Opinion
No. 68 Civ. 352.
December 9, 1971.
Cravath, Swaine Moore, New York City, for plaintiff; George G. Tyler, Richard J. Hiegel, Roger D. Pearson, New York City, of counsel.
Whitney North Seymour, Jr., U.S. Atty., for defendant, United States; Alan B. Morrison, Asst. U.S. Atty., of counsel.
This is a motion by plaintiff (Columbia) for summary judgment in its favor for "the relief demanded in the complaint". Fed.R.Civ.P. 56 The relief demanded in the complaint is a money judgment for $244,084.33 with interest and costs.
The action was commenced on January 25, 1968, and is for recovery of income taxes of $187,993.44 and interest thereon of $56,090.89 paid by Columbia for the years 1955-1958 inclusive ("the four taxable years") and alleged by Columbia to have been "wrongfully and illegally assessed against and collected from" Columbia. The Court is given jurisdiction of the action by 28 U.S.C. § 1346(a)(1).
Deficiencies were determined by the appropriate District Director of the Internal Revenue Service in respect of federal income taxes of Columbia ( 26 U.S.C. § 6211, 6212) for the four taxable years. Columbia elected to pay the taxes and interest to date of payment and timely filed claims for refund ( 26 U.S.C. § 6401, 6402, 6511). The claims were disallowed, and Columbia then commenced this action ( 26 U.S.C. § 7422).
The facts are not in dispute and both sides agree that summary judgment is appropriate. The government has made a cross-motion for summary judgment in its favor. The motion of Columbia is denied. The motion of the government will be granted.

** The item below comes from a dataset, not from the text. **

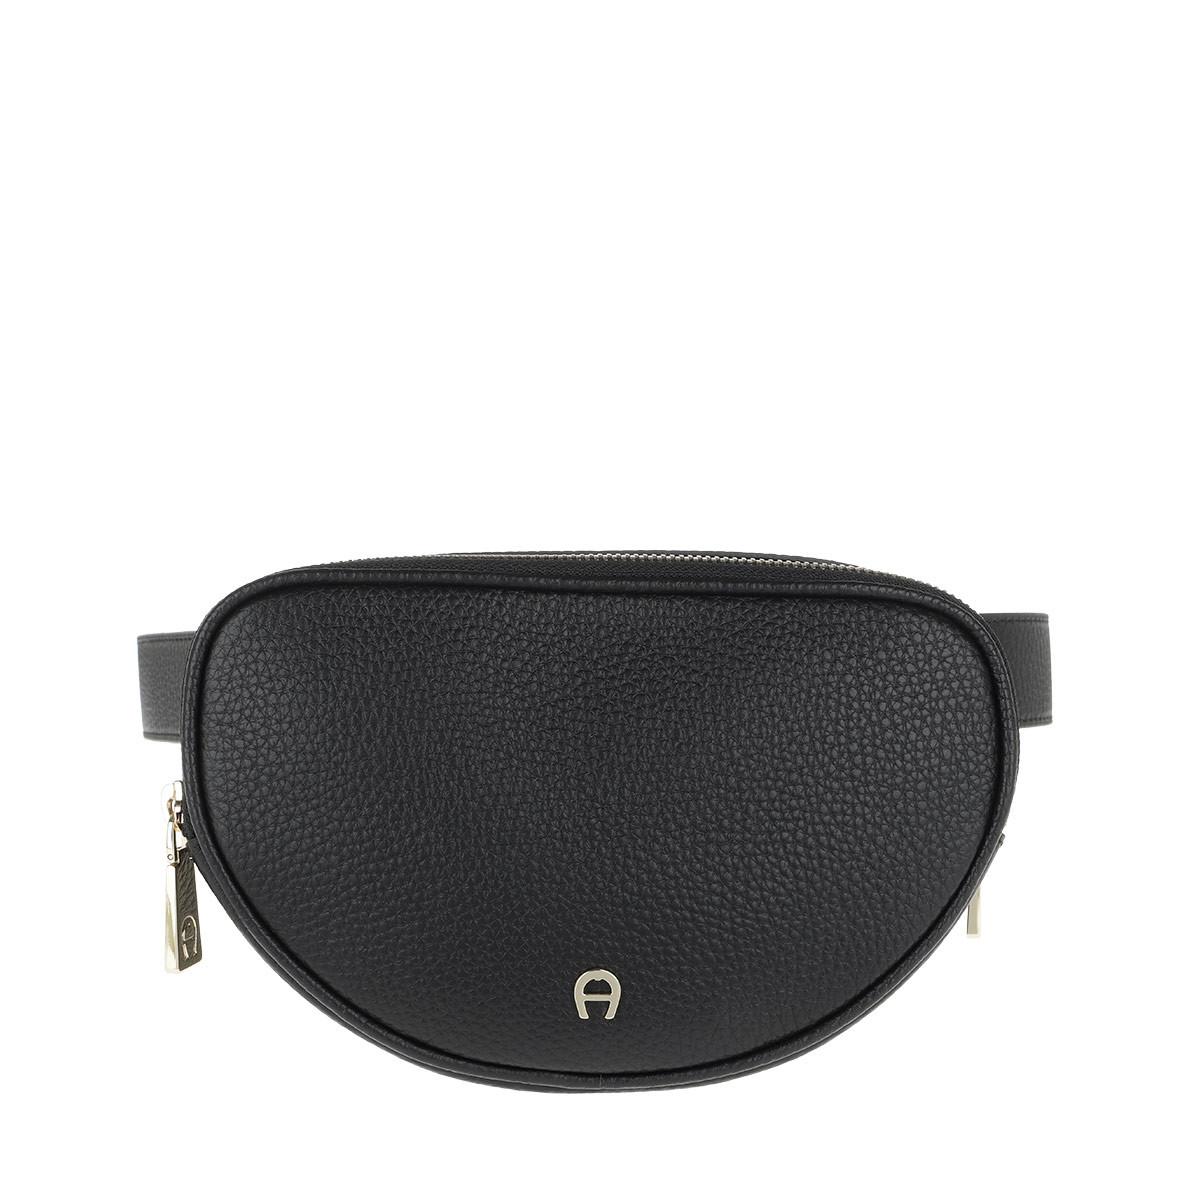 Aigner Gürteltasche - Ivy Beltbag Black - in schwarz - für Damen

Columbia in 1954 issued $50,000,000 of 3 1/2% Subordinated Debentures due 1964. These debentures were convertible into common stock of Columbia at the rate of 7 1/2% shares of Columbia common stock for each $100 principal amount of debentures (cash adjustment in place of fractional shares). Interest on the debentures was payable on May 10 and November 10 of each year. It was provided that no adjustment should be made on conversion "for interest accrued" or "for dividends" on stock issued on conversion.

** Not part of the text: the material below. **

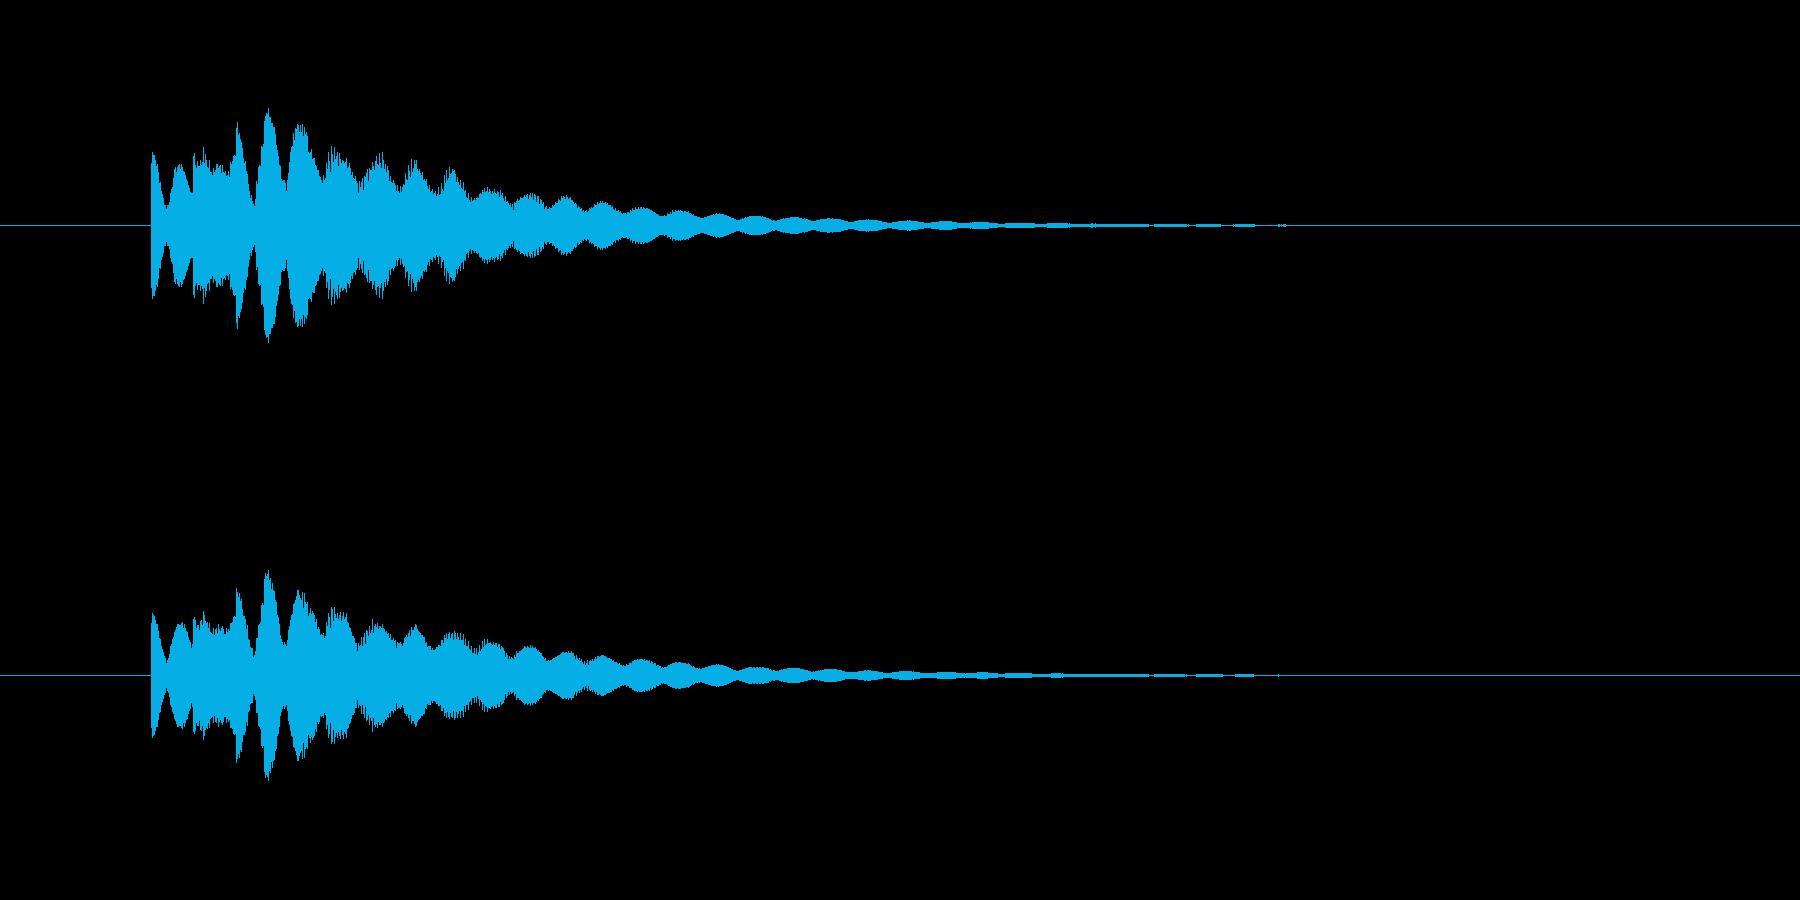 ピロピロン(透明感、爽やか)の再生済みの波形

Columbia computes its taxable income on the accrual method of accounting. 26 U.S.C. § 446(c)(2). Each month on its books Columbia accrued interest on the debentures. Each month also Columbia transferred to capital surplus account the amount of interest accrued and unpaid (at least, not paid in cash) in respect of debentures converted during that month into common stock.

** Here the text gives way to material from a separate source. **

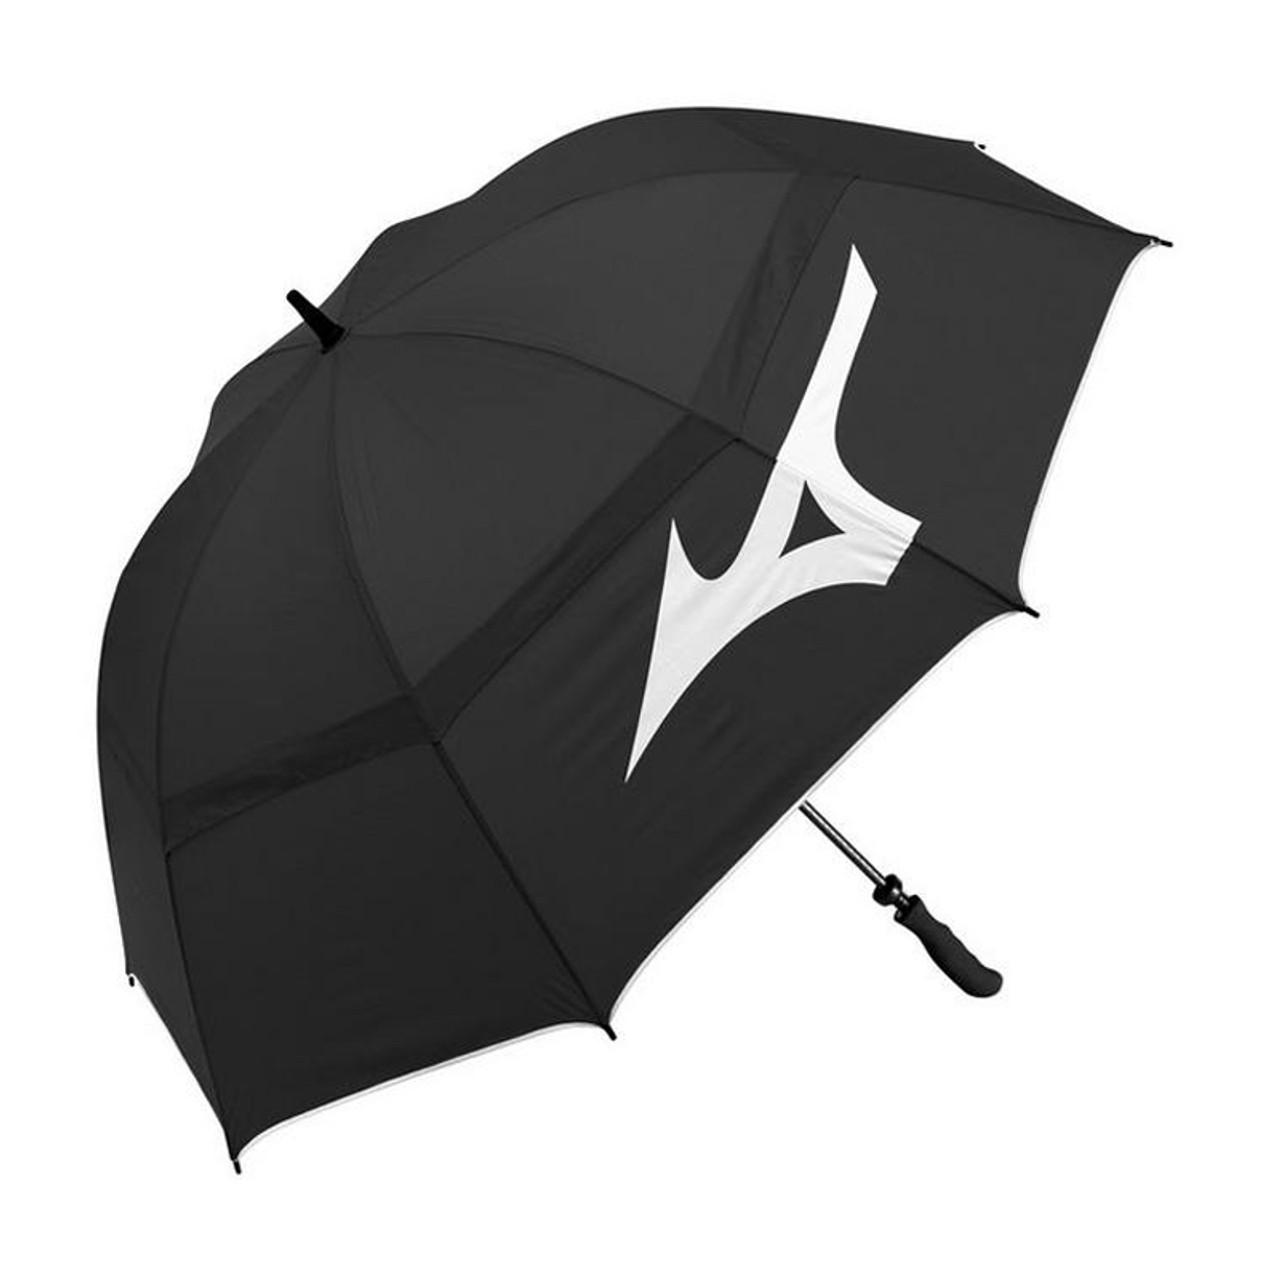 Mizuno Dual Canopy Umbrella- Black / White

In each of the four taxable years Columbia deducted as an interest expense all of the interest accrued and unpaid (at least, not paid in cash) on the debentures converted during that year. This interest will be referred to sometimes as "conversion interest". This was done in reliance on 26 U.S.C. § 163(a): "There shall be allowed as a deduction all interest paid or accrued within the taxable year on indebtedness".
The Service audited the returns for 1955 and 1956 and increased the taxable income of Columbia by the amount of the conversion interest. This was on the theory that "discharge of indebtedness" results in taxable income ( 26 U.S.C. § 61(a) (12)) and that the accrued conversion interest had been discharged by the conversion. Since the indebtedness discharged was the same interest indebtedness deducted by Columbia on its returns, the deduction was not disallowed. Of course, the increase in income by the same amount deprived Columbia of the benefit of the deduction.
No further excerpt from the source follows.